Eccerto che mi dispiace che il fallimento politico del Piddì irpino e soprattutto dell’Amministrazione Comunale
della nostra Città chiami a corree (almeno) due donne.
Già, perché il mainstream di genere impone una negatività e una colpa ancor peggiore (se fosse possibile) se a
sbagliare siano le donne, chè l’opinione comune le vuole inesorabilmente incapaci di analisi politica e, quindi, di
soluzione.
(Togliatti diceva: “Se sbagliate l’analisi, sbagliate poi tutto.”)

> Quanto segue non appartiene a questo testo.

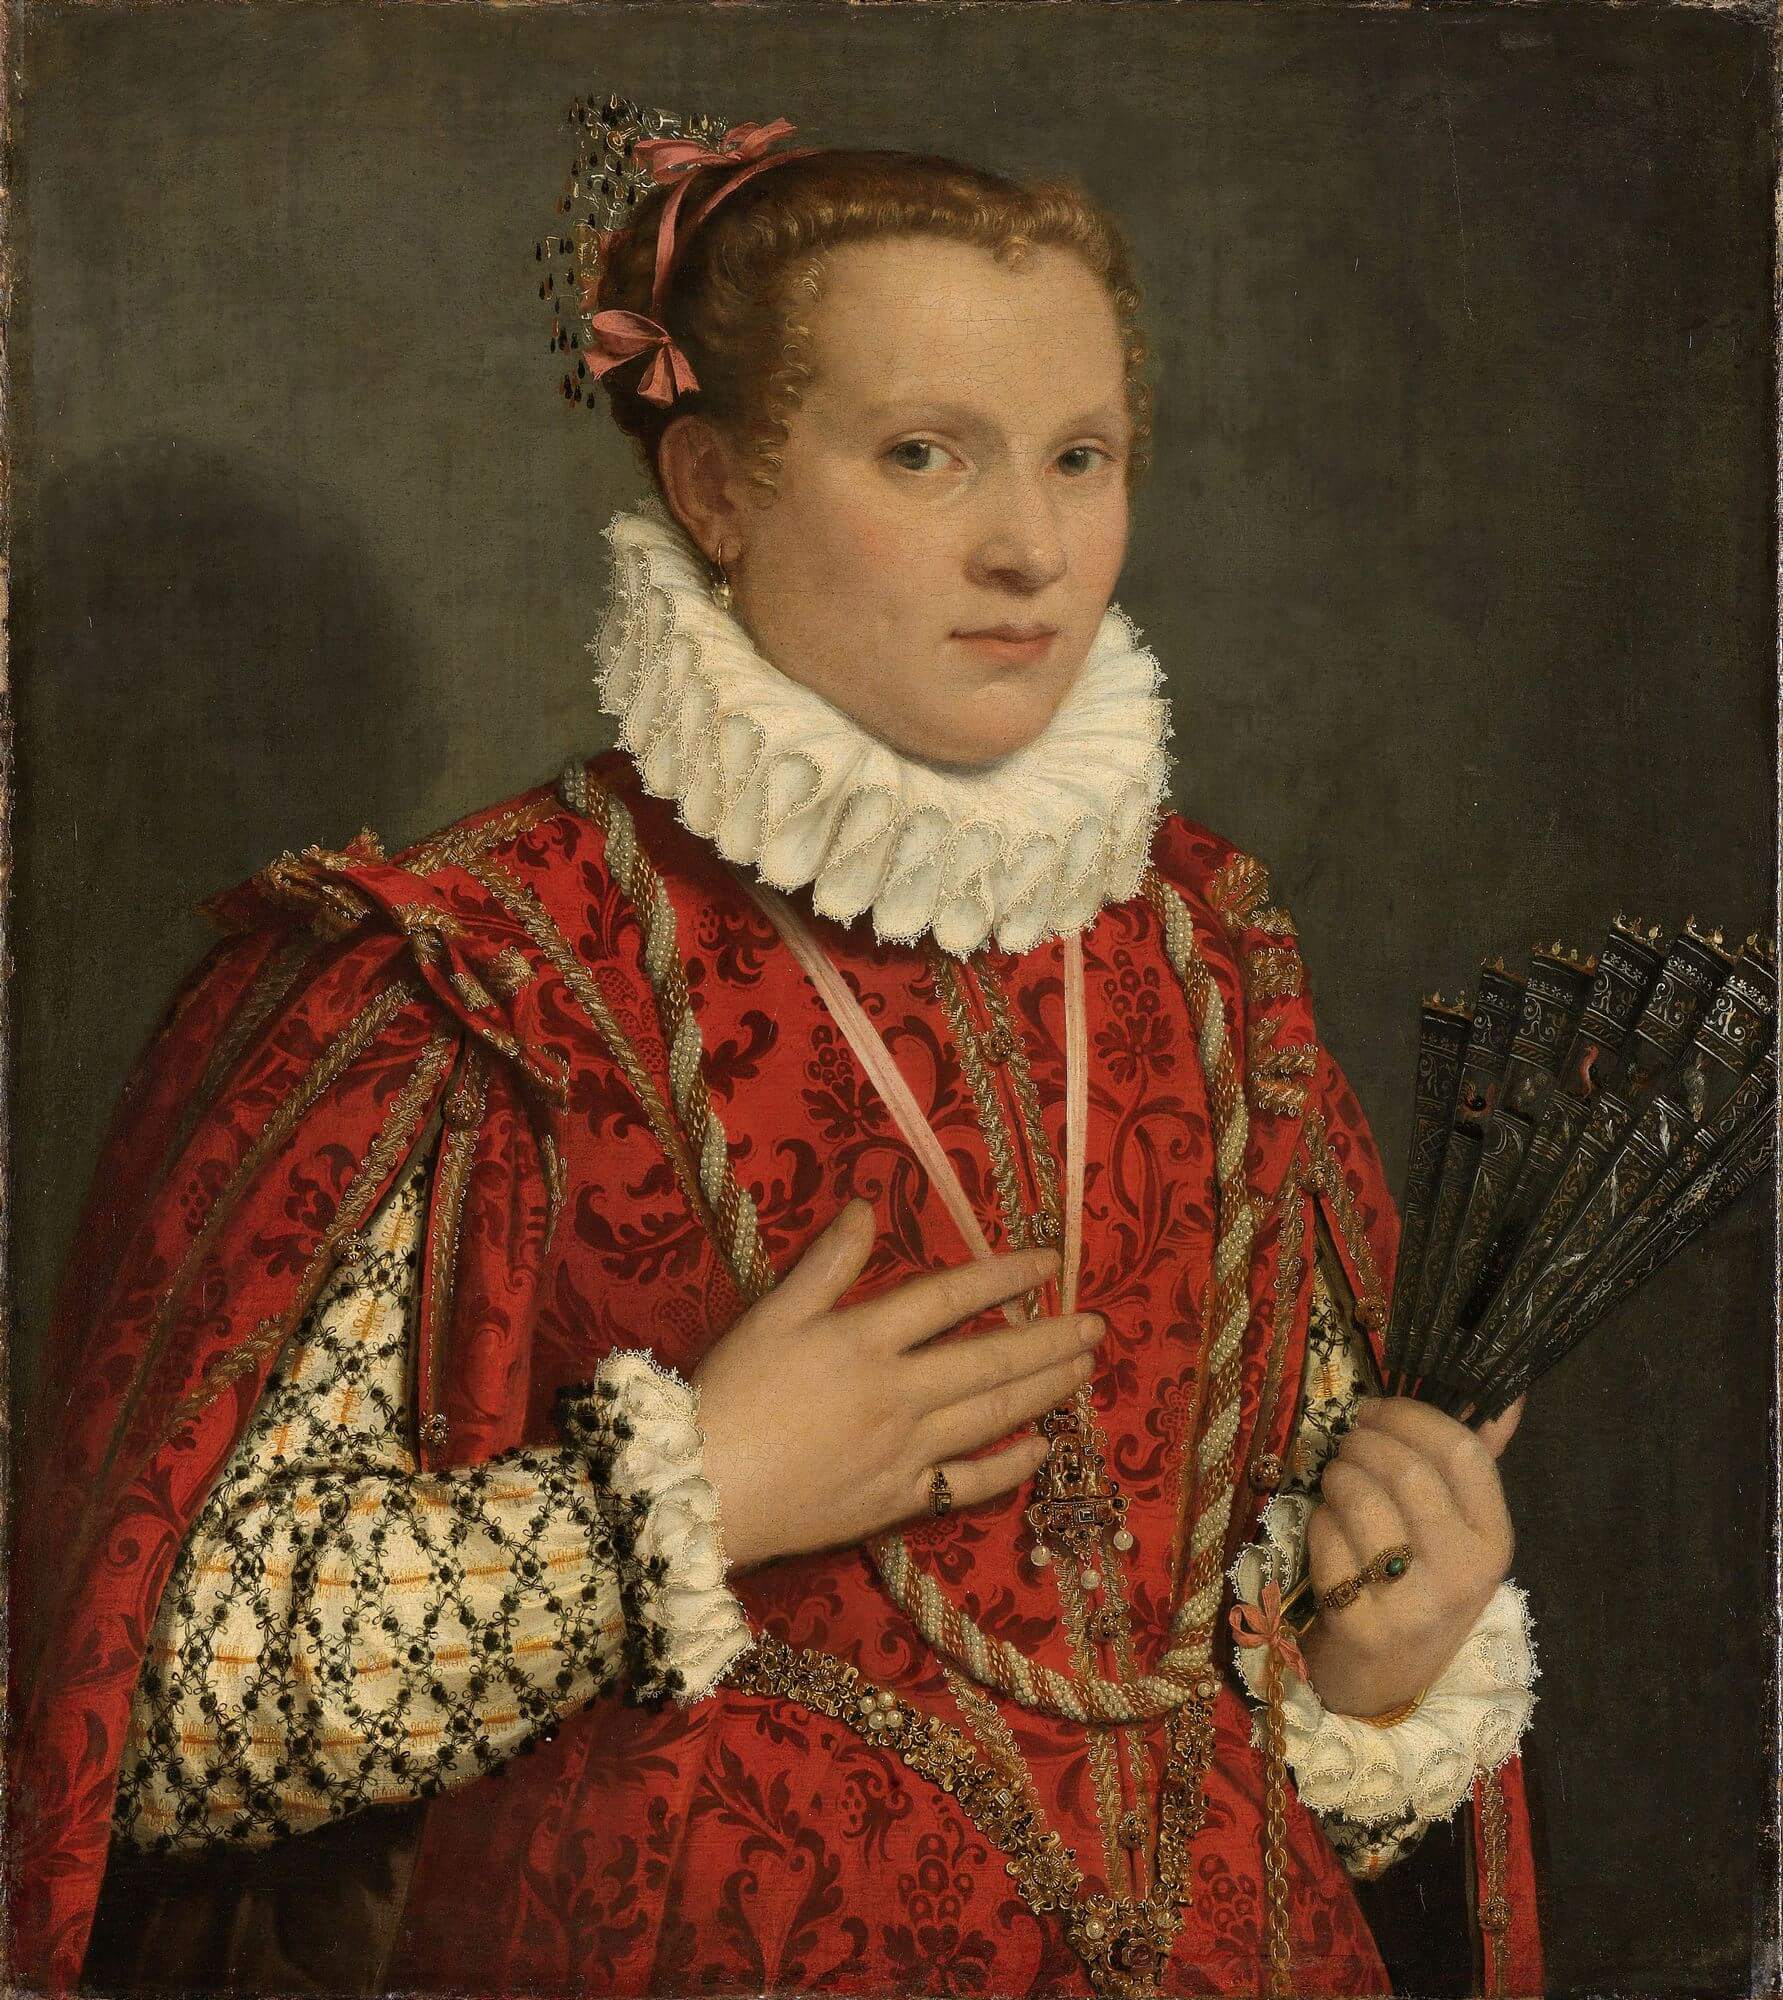 Kobieta w wytwornym czerwonym stroju, z białą kryzą, trzymająca wachlarz w lewej dłoni.

Nel nostro caso—quindi, aggravante!—si tratta di non (voler) analizzare bene all’interno di un orizzonte peraltro di
minime dimensioni, come è l’importanza della nostra Città. Donne o uomini che siano, i nostri politici, o meglio gli
esponenti locali del Piddì.
Diciamocelo pure: noi ci agitiamo e c’indigniamo, scombattiamo (frequentativo d’inutilità celiante del verbo
‘combattere’) e ci rivolgiamo speranzosi ora a questo ora a quel veltro, mostrando meraviglia se questi mitologici e
danteschi animali nati ed allevati in terra irpina, invece che il pelo lucido e folto della gioventù e del vigore, o il
guizzo affascinante della perspicacia cognitiva, si rivelino piccole volpi spelacchiate, a prescindere dall’età
anagrafica e dal genere.
Meschinità? Cazzismo? Paura di perdere?
Chi ha insegnato loro la politica?
“Chi fuor li maggiori tui?”, mi verrebbe (ancora dantescamente) da chiedere. Chi sono stati i loro modelli?
Una volta i ‘comunisti’ studiavano ed erano preparati, ma questi epigoni riformisti? Cosa hanno imparato? Primum
vivere deinde... deinde cosa? La Città per caso? La collettività? Il benessere? La vivibilità? L’ambiente?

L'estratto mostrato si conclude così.